One-Off

Poetry Speaks

From Victorian times to the present, the accent has shifted from elocution to oral interpretation

HUMANITIES, November/December 2010, Volume 31, Number 6

“Voice registers the weird sexiness of reading poetry, the illusion it enables of a private tryst between author and reader.” So says Lesley Wheeler, an English professor at Washington and Lee University, where she has had her students don Japanese garb and read original haiku aloud to try to get at the slippery concept of voice in poetry.

Voice is so vague, in fact, that handbooks of literary terms tend to avoid discussing it at all. But, still, whether poets and literary critics discuss voiced text or textual voice (the first having to do with the interpretation of a reader reading aloud and the second, with that of a reader reading silently), one thing is clear: Voice has transcendence and spiritual power.

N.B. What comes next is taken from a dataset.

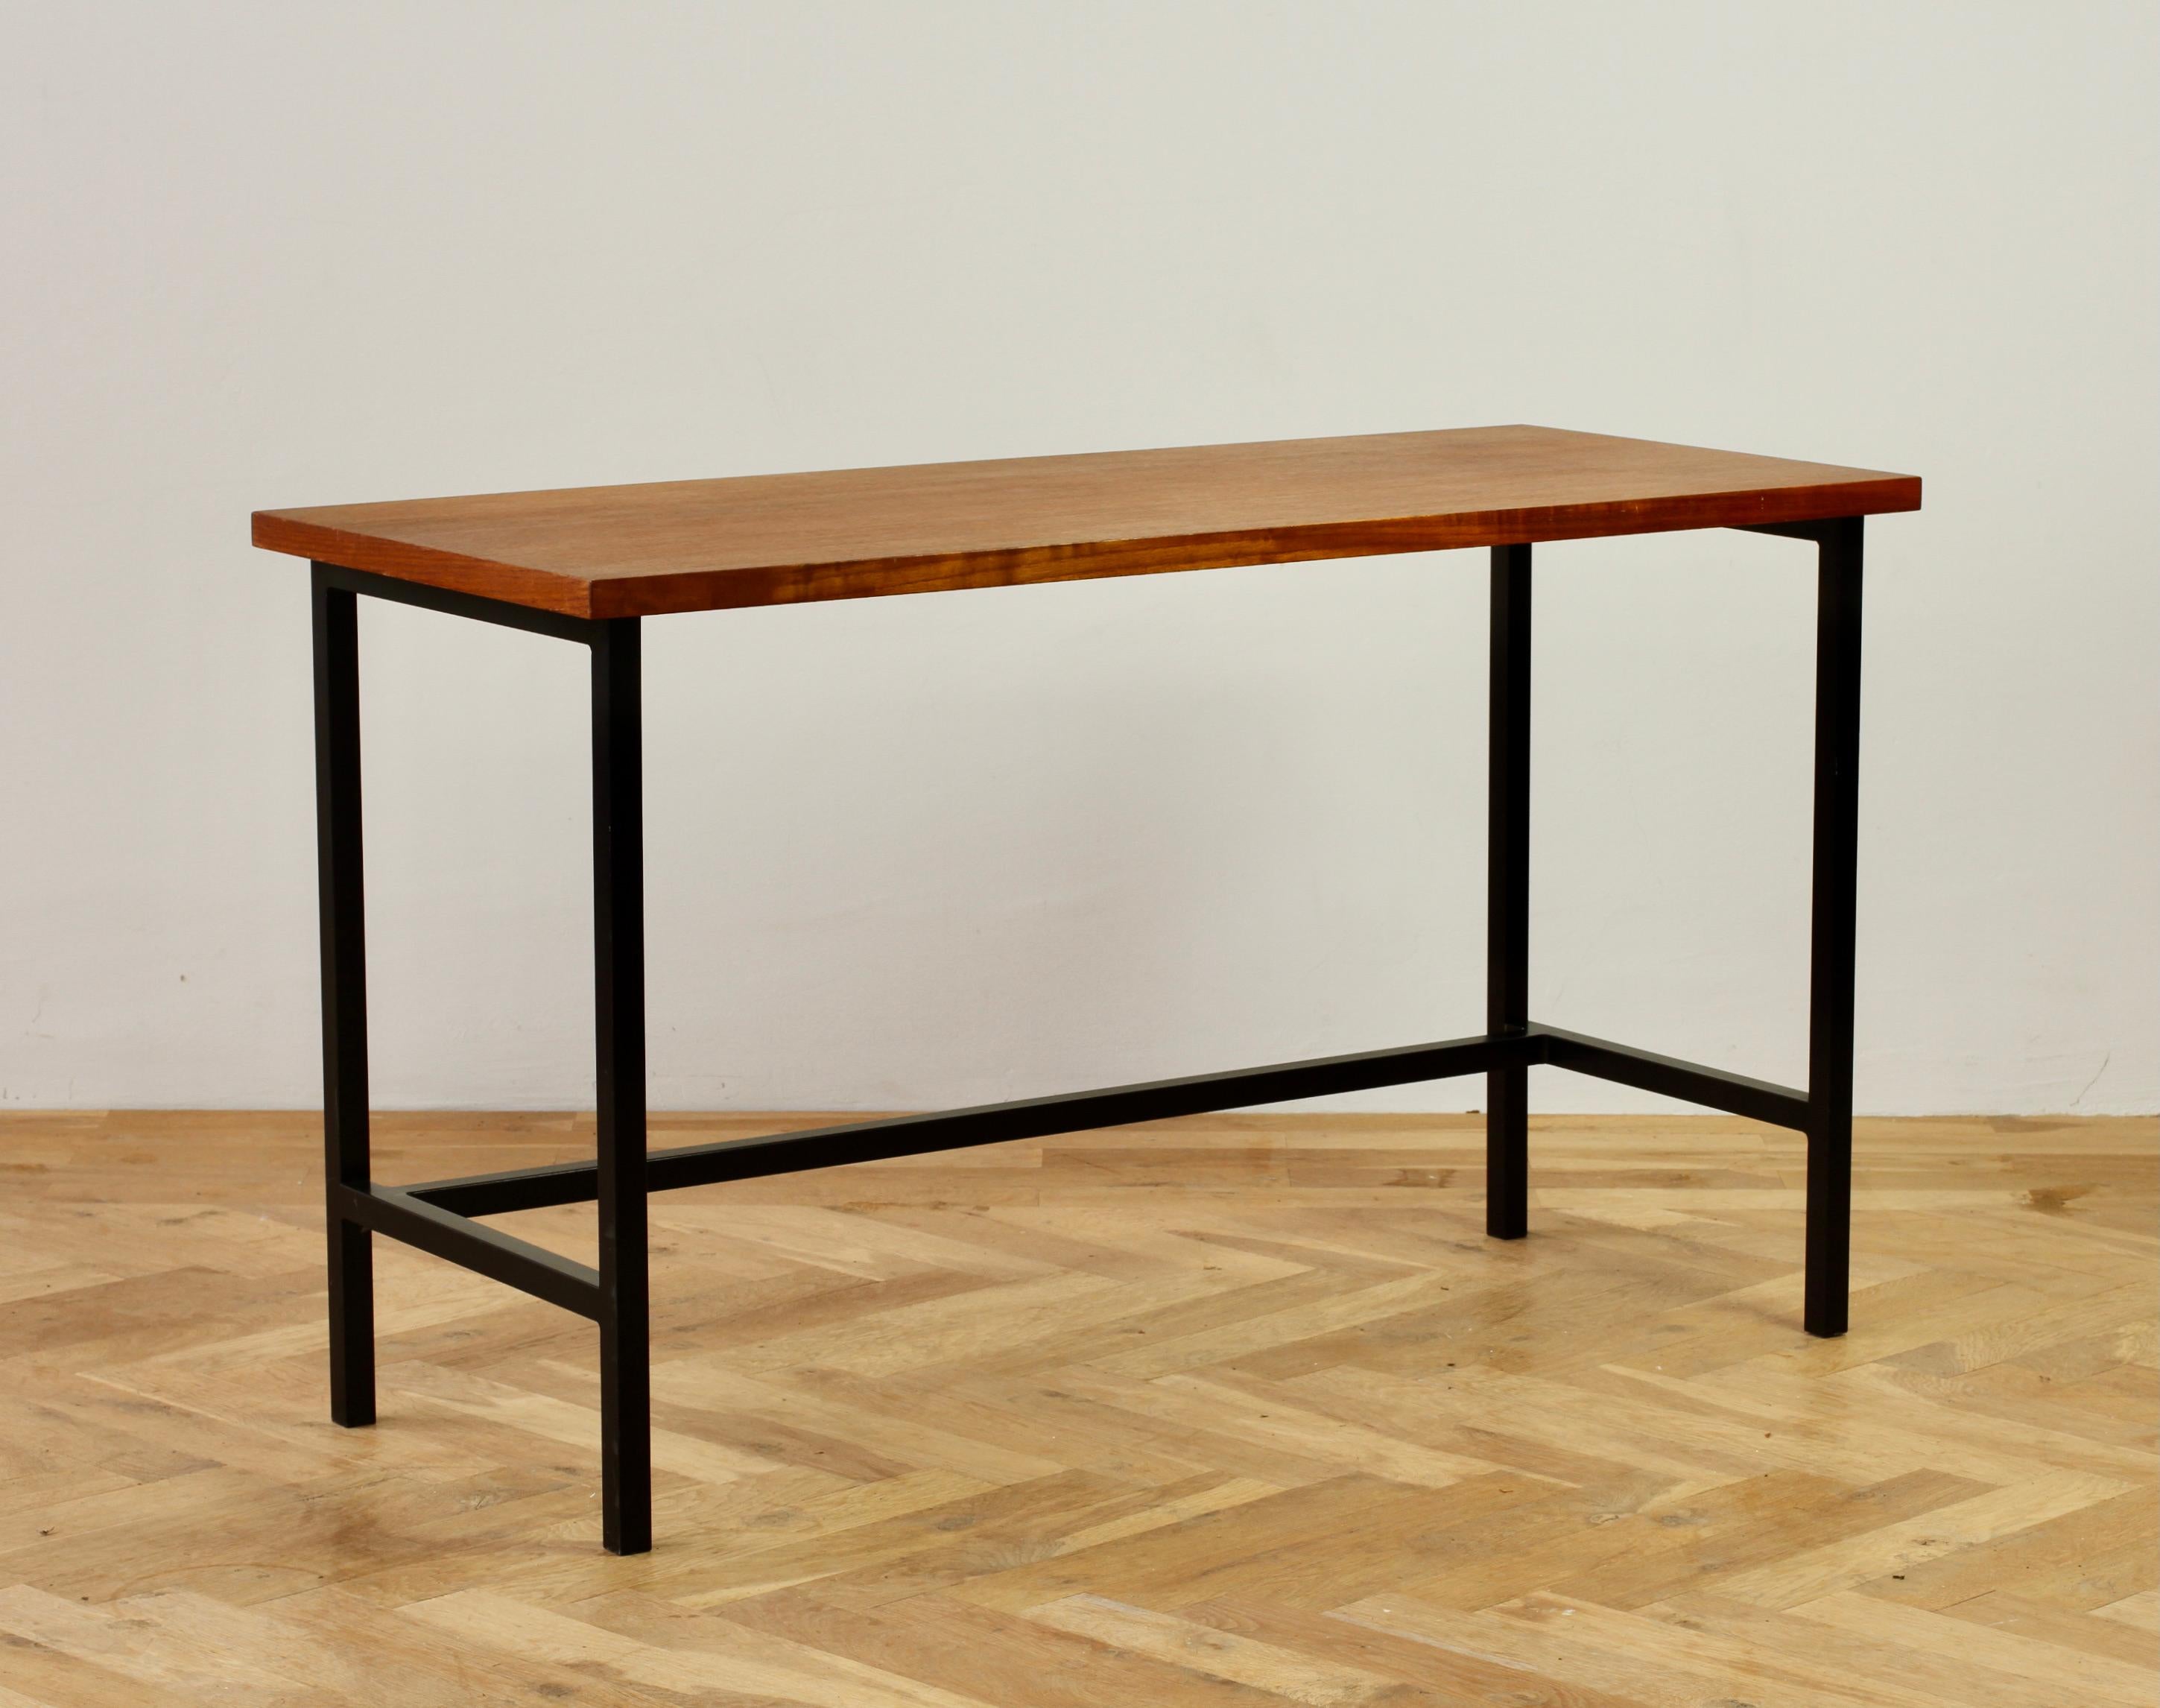 Ein wunderbarer modernistischer amerikanischer Mid-Century-Schreibtisch von Florence Knoll, ca. 1950er Jahre. Hergestellt aus einem schwarz lackierten, quadratischen Eisenrohrrahmen mit furniertem Holz (wir vermuten Teakholz). Dieser reizvolle Tisch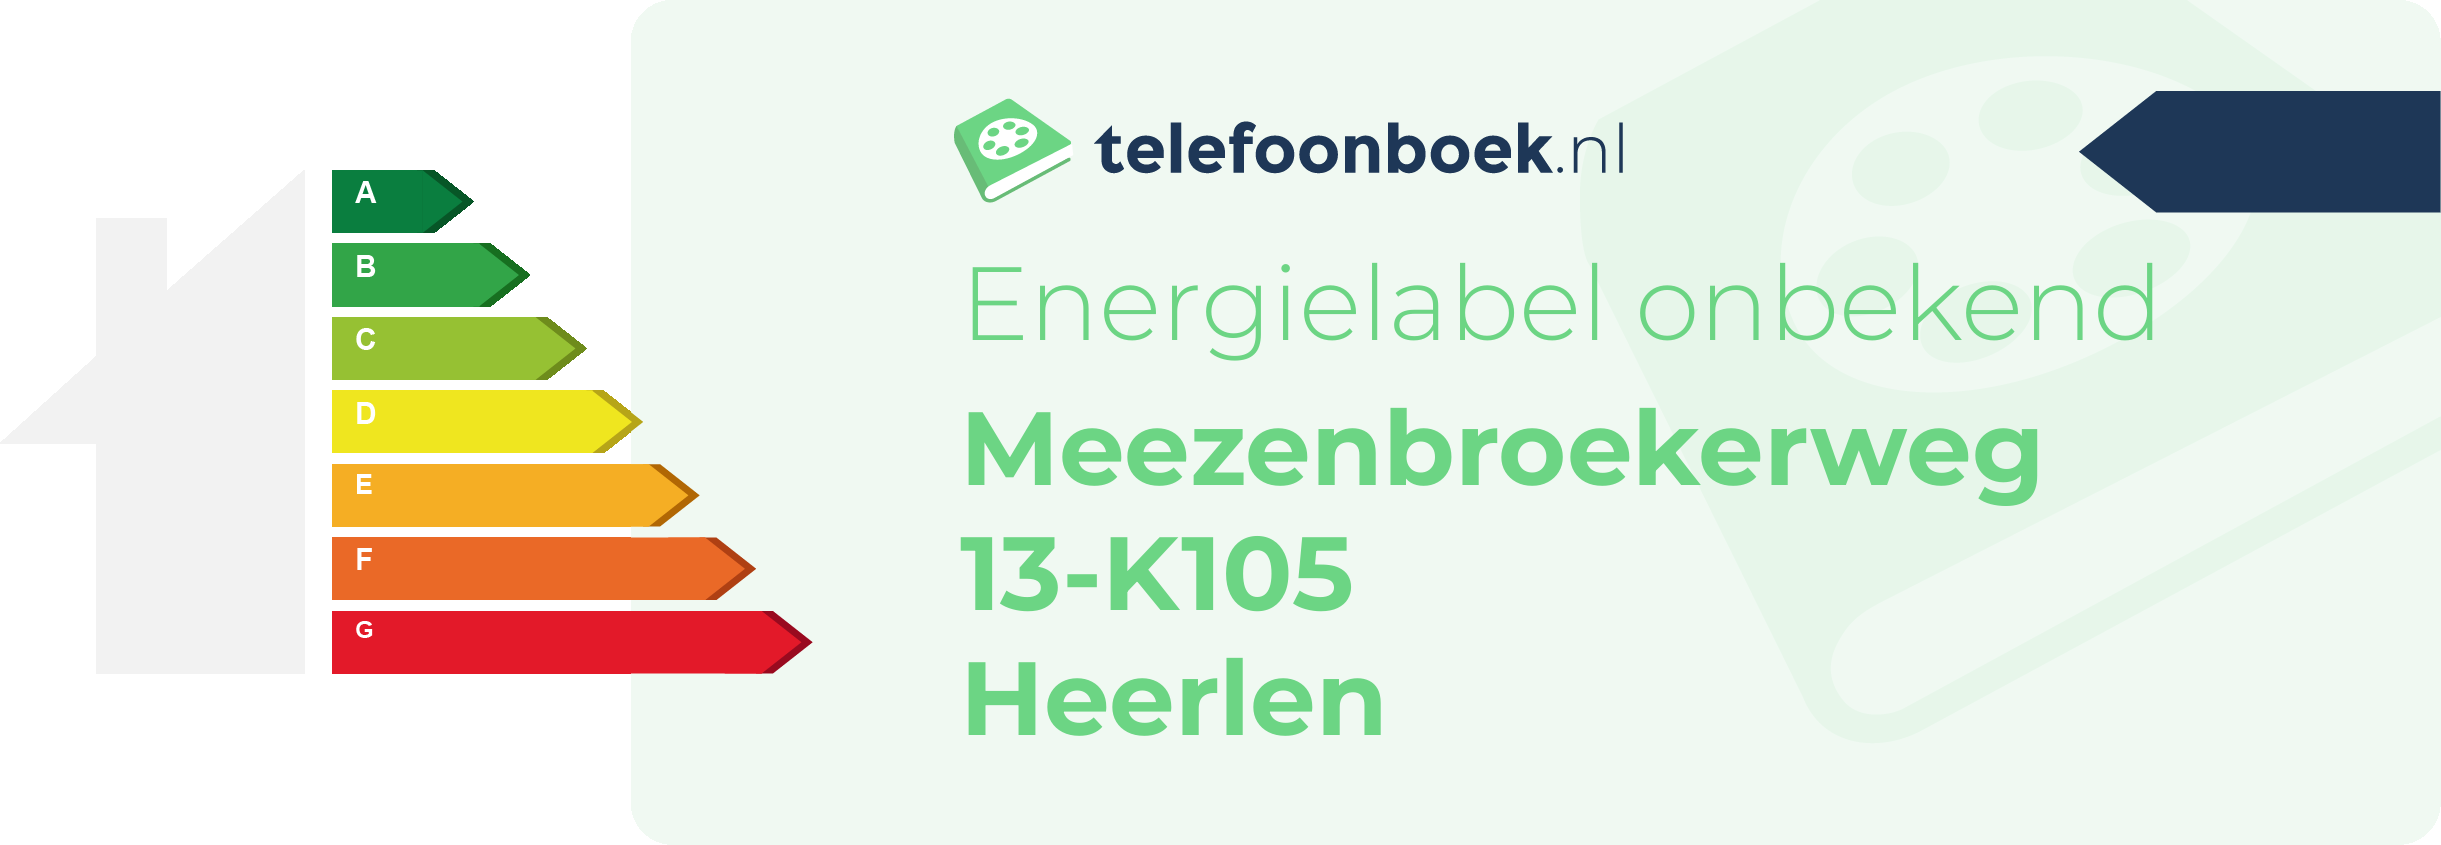 Energielabel Meezenbroekerweg 13-K105 Heerlen

Wheeler’s NEH-funded Voicing American Poetry: Sound and Performance from the 1920s to the Present, published in 2008 by Cornell University, delves into voice as metaphor, medium, pedagogy and politics, and genre. Voice, then, as metaphor can mean for creative writing students the struggle to find their voice. As a medium it can mean, as it does to critic Denis Donoghue, restoring “the words to a source.” Donoghue, writes Wheeler, “values voice for its associations with community, stable meaning, and empowerment.” Speaking of empowerment, there’s the idea dear to many an underdog, that poetry’s greatest purpose is to give a voice to the disenfranchised. Additionally, T. S. Eliot weighed in on the matter in his famous essay “The Three Voices of Poetry,” in which he sees the first as “the voice of the poet talking to himself”; the second as a voice “addressing an audience” in dramatic monologue, one with “conscious social purpose”; and the third, one “in which,” Wheeler writes, “the poet is subsumed into characters.”

Eliot himself was not one to shy away from voicing his own work. His recording of The Waste Land makes reading the classic of modernist poetry nearly impossible for anyone to read without hearing the voice of Thomas Stearns himself. Robert Frost, though, at least at first, “cowered” in a corner, as biographer and poet Jay Parini has described, while someone else read his poems aloud. This even seems to have been the fashion for a while: “Ambivalence and reclusion on the author’s part during such performances were normal,” writes Wheeler. Edna St. Vincent Millay and Langston Hughes, however, were both superstars of the spoken word in their day, Millay on the radio and Hughes on the lecture circuit.

The popularity of national poetry competitions and slam festivals hearkens back to the nineteenth century’s love of similar events in schools, especially for choral readings. The movements that reading poetry aloud have undergone from Victorian times to our own have been much characterized by changing the accent from elocution to oral interpretation. In spite of theorists such as Jacques Derrida, who insists that we “understand writing as writing,” explains Wheeler, “and not a transcription of voice,” the vividness of what poetry conveys still seems to come down more to what readers hear on the page than what they see there.